Question
what is the rate of change of a line that passes through (1,1) and a y intercept of (0,1)
Answers
GPT 3.5
To find the rate of change of a line, we need to determine the slope of the line. The slope is often represented by the letter "m" in the slope-intercept form of a linear equation, which is y = mx + b, where "m" is the slope and "b" is the y-intercept.
Given that the line passes through (1,1) and has a y-intercept of (0,1), we can use these points to find the slope.
Let's label the coordinates of the first point as (x₁, y₁), which in this case is (1,1). The coordinates of the second point will be (x₂, y₂), which is (0,1).

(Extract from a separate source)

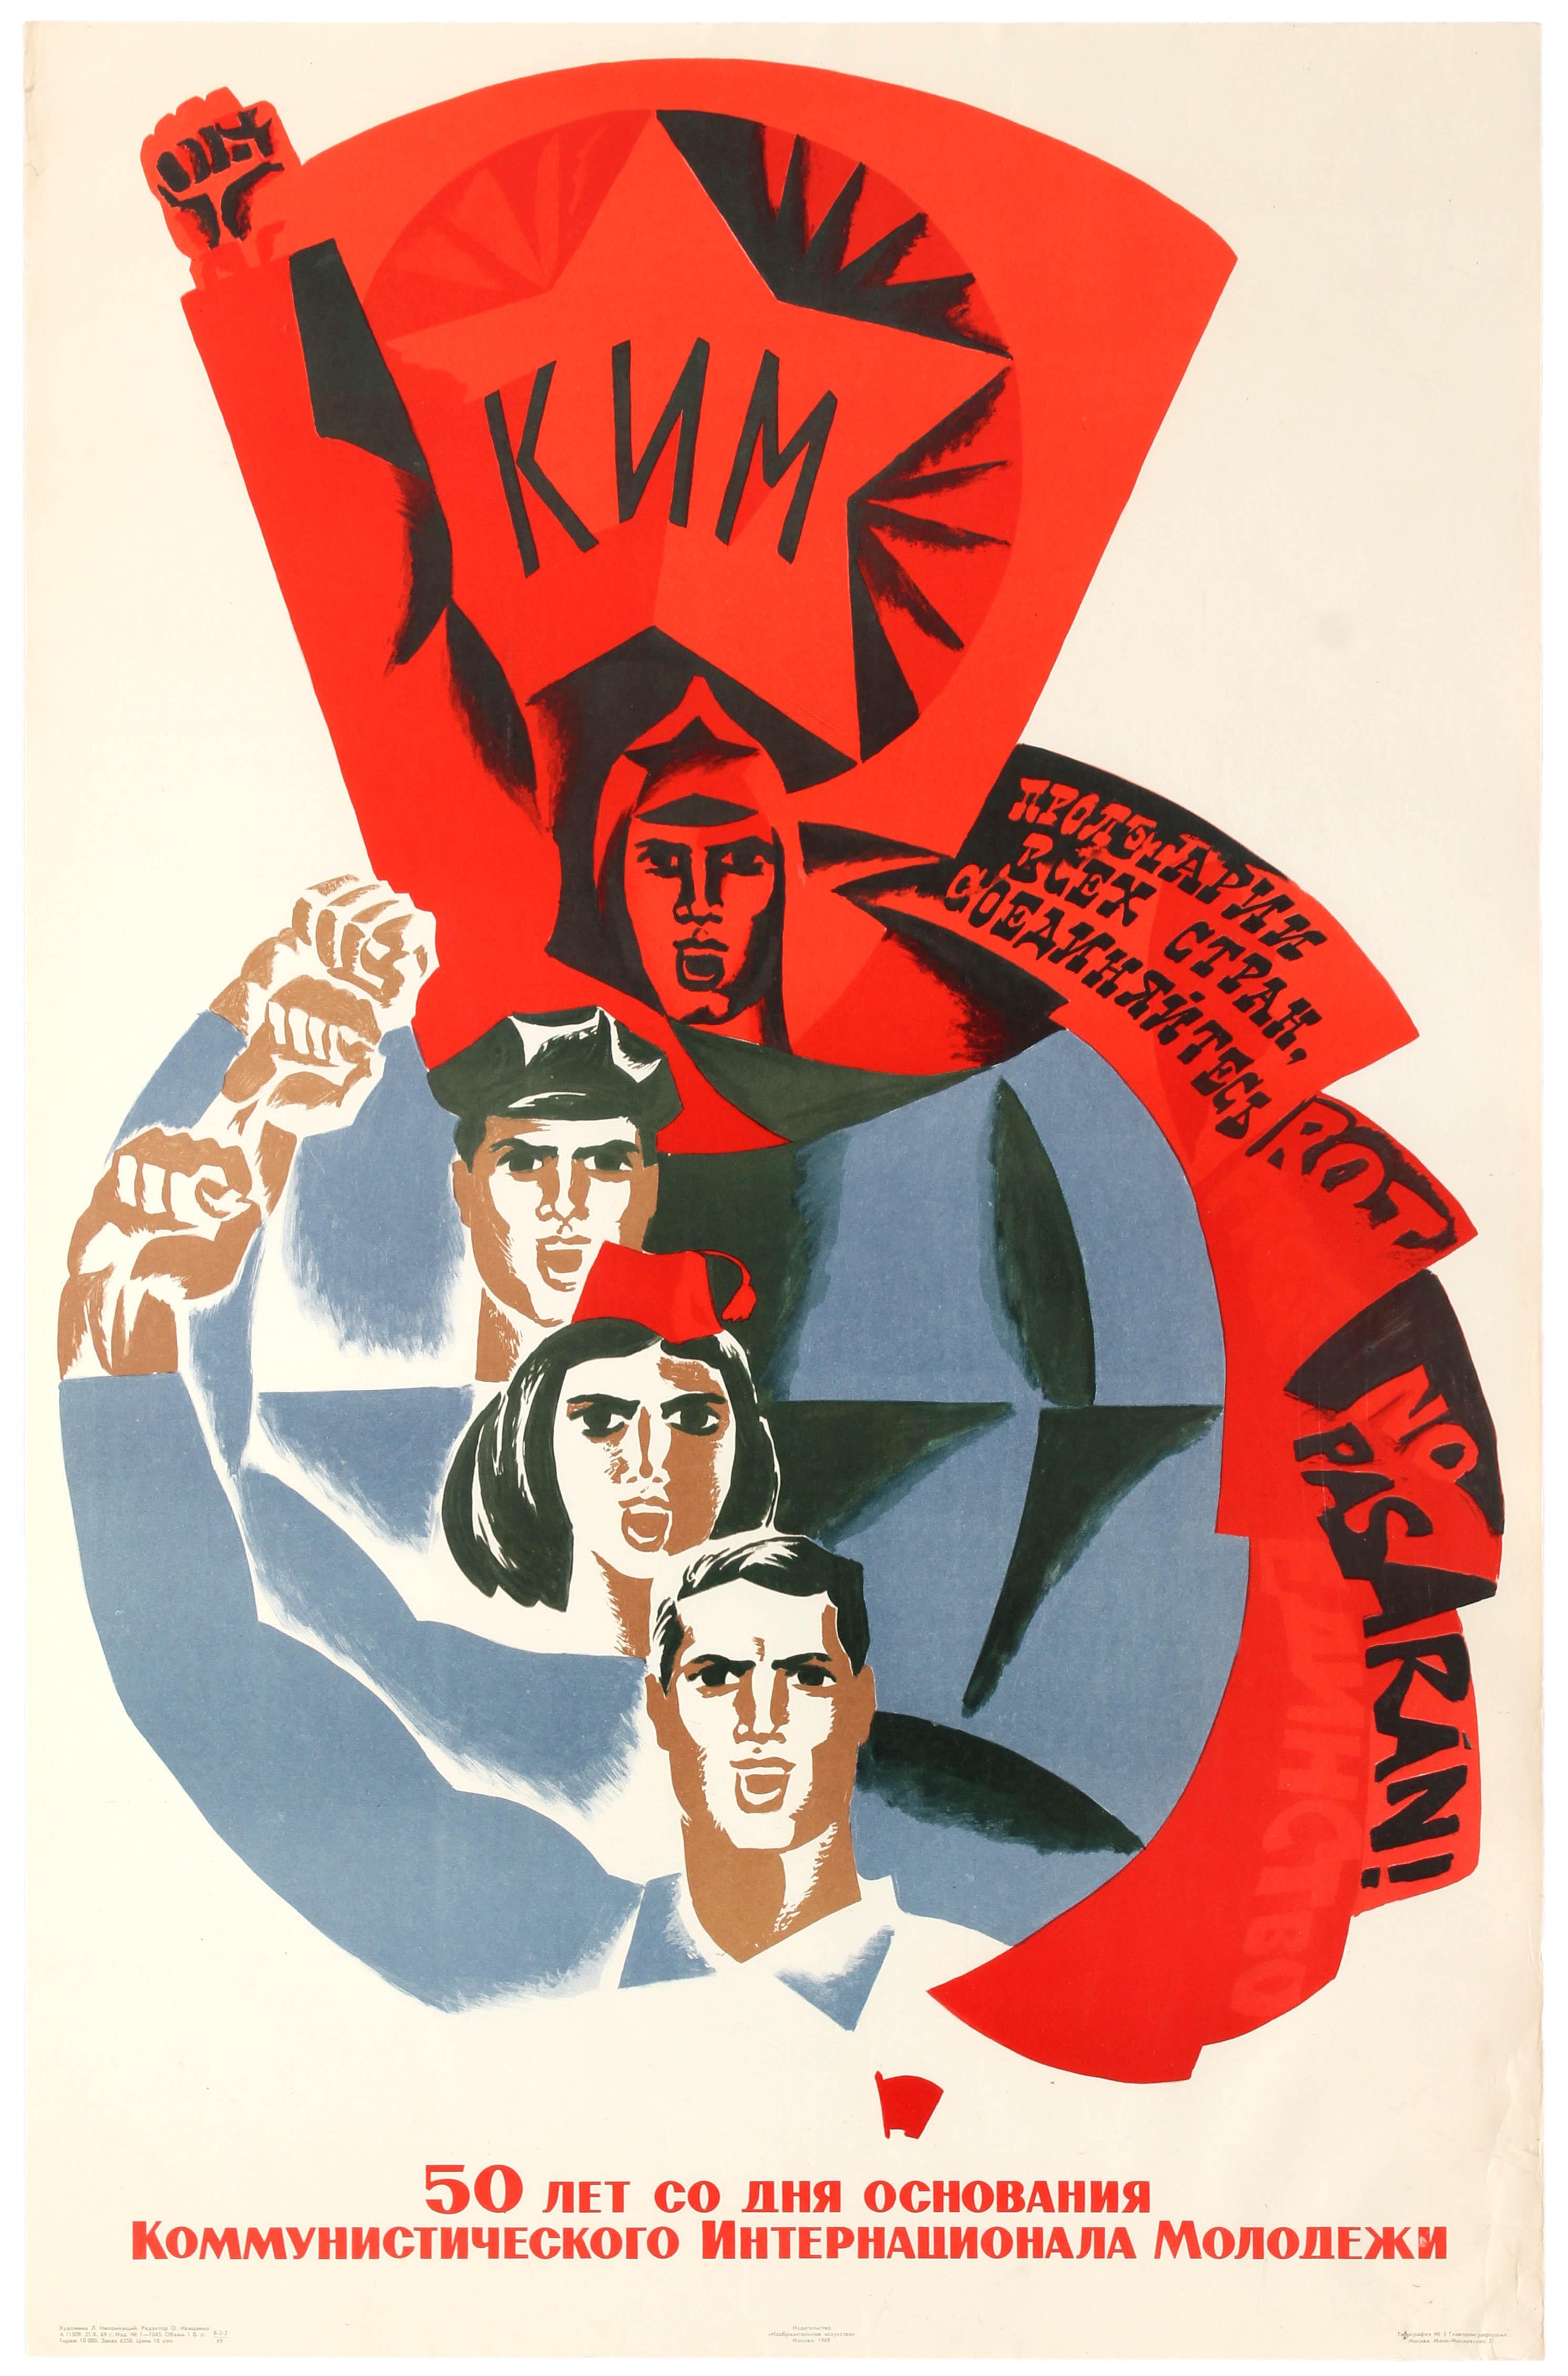 Lot 59 - Set 3 Propaganda Posters Constructivism USSR Lenin Marxism Soviet Youth

The slope formula is given by:
m = (y₂ - y₁) / (x₂ - x₁)
Substituting the given points:
m = (1 - 1) / (0 - 1)
Simplifying:
m = 0 / (-1)
m = 0
Therefore, the rate of change of the line that passes through (1,1) with a y-intercept of (0,1) is 0.
Given that the line passes through (1,1) and has a y-intercept of (0,1), we can use these points to find the slope.

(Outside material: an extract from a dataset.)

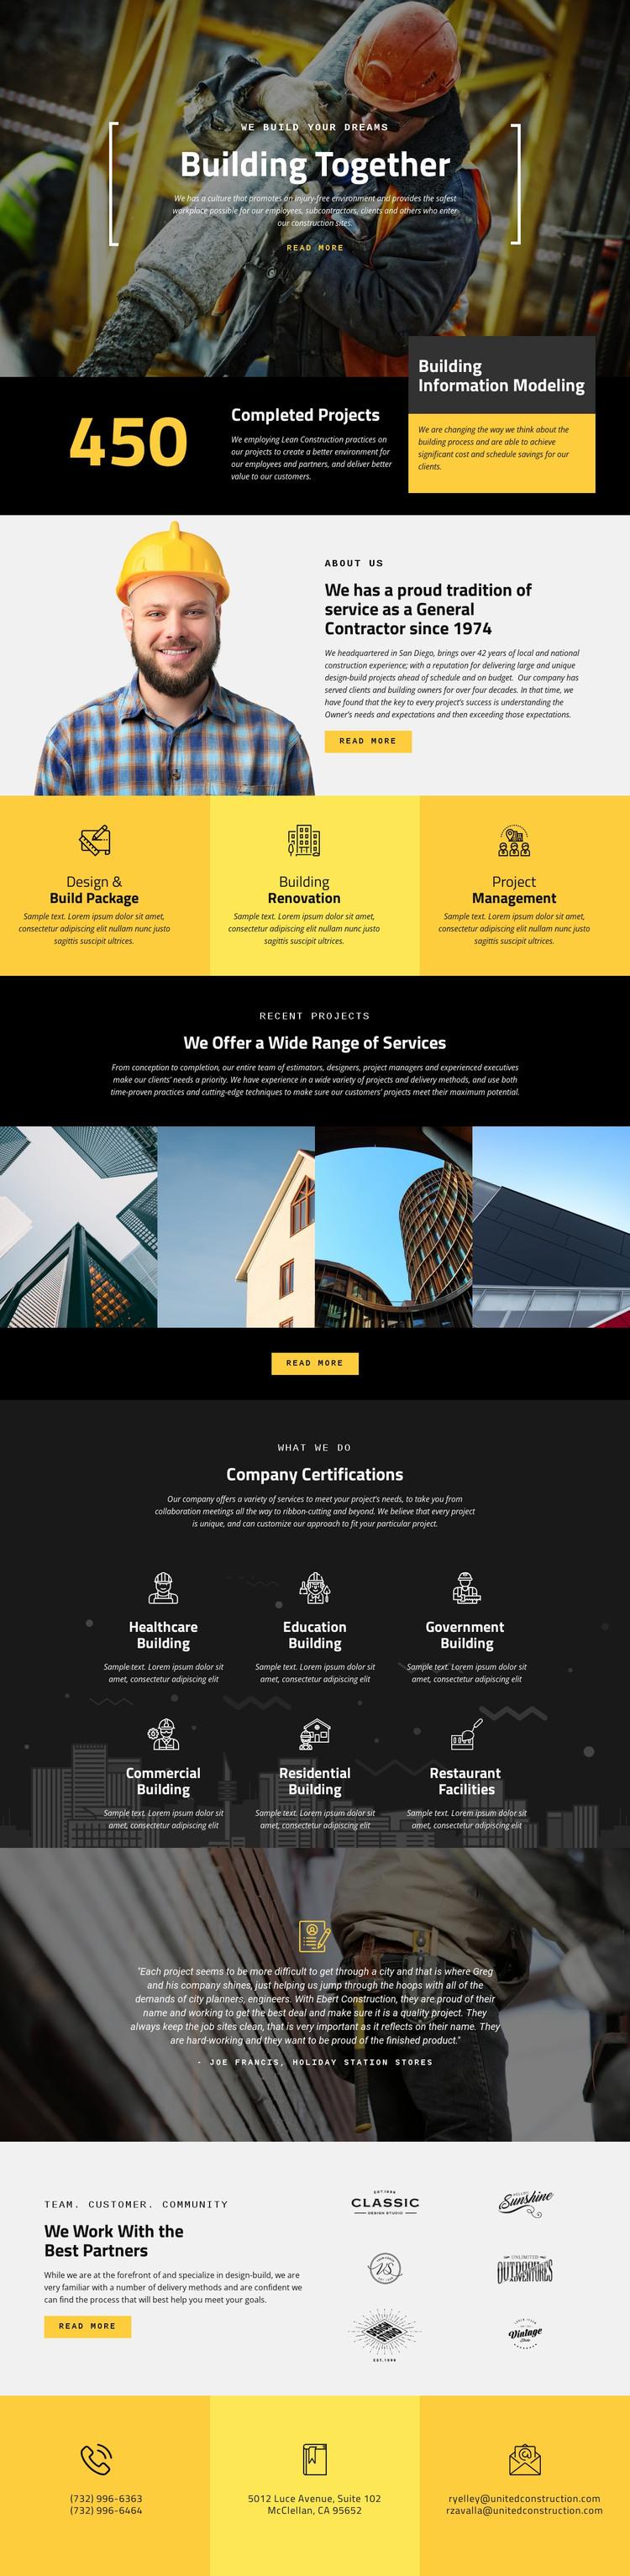 Building constructions Web Design

Let's label the coordinates of the first point as (x₁, y₁), which in this case is (1,1). The coordinates of the second point will be (x₂, y₂), which is (0,1).
The slope formula is given by:
m = (y₂ - y₁) / (x₂ - x₁)
Substituting the given points:
m = (1 - 1) / (0 - 1)
Simplifying:
m = 0 / (-1)
m = 0
Therefore, the rate of change of the line that passes through (1,1) with a y-intercept of (0,1) is 0.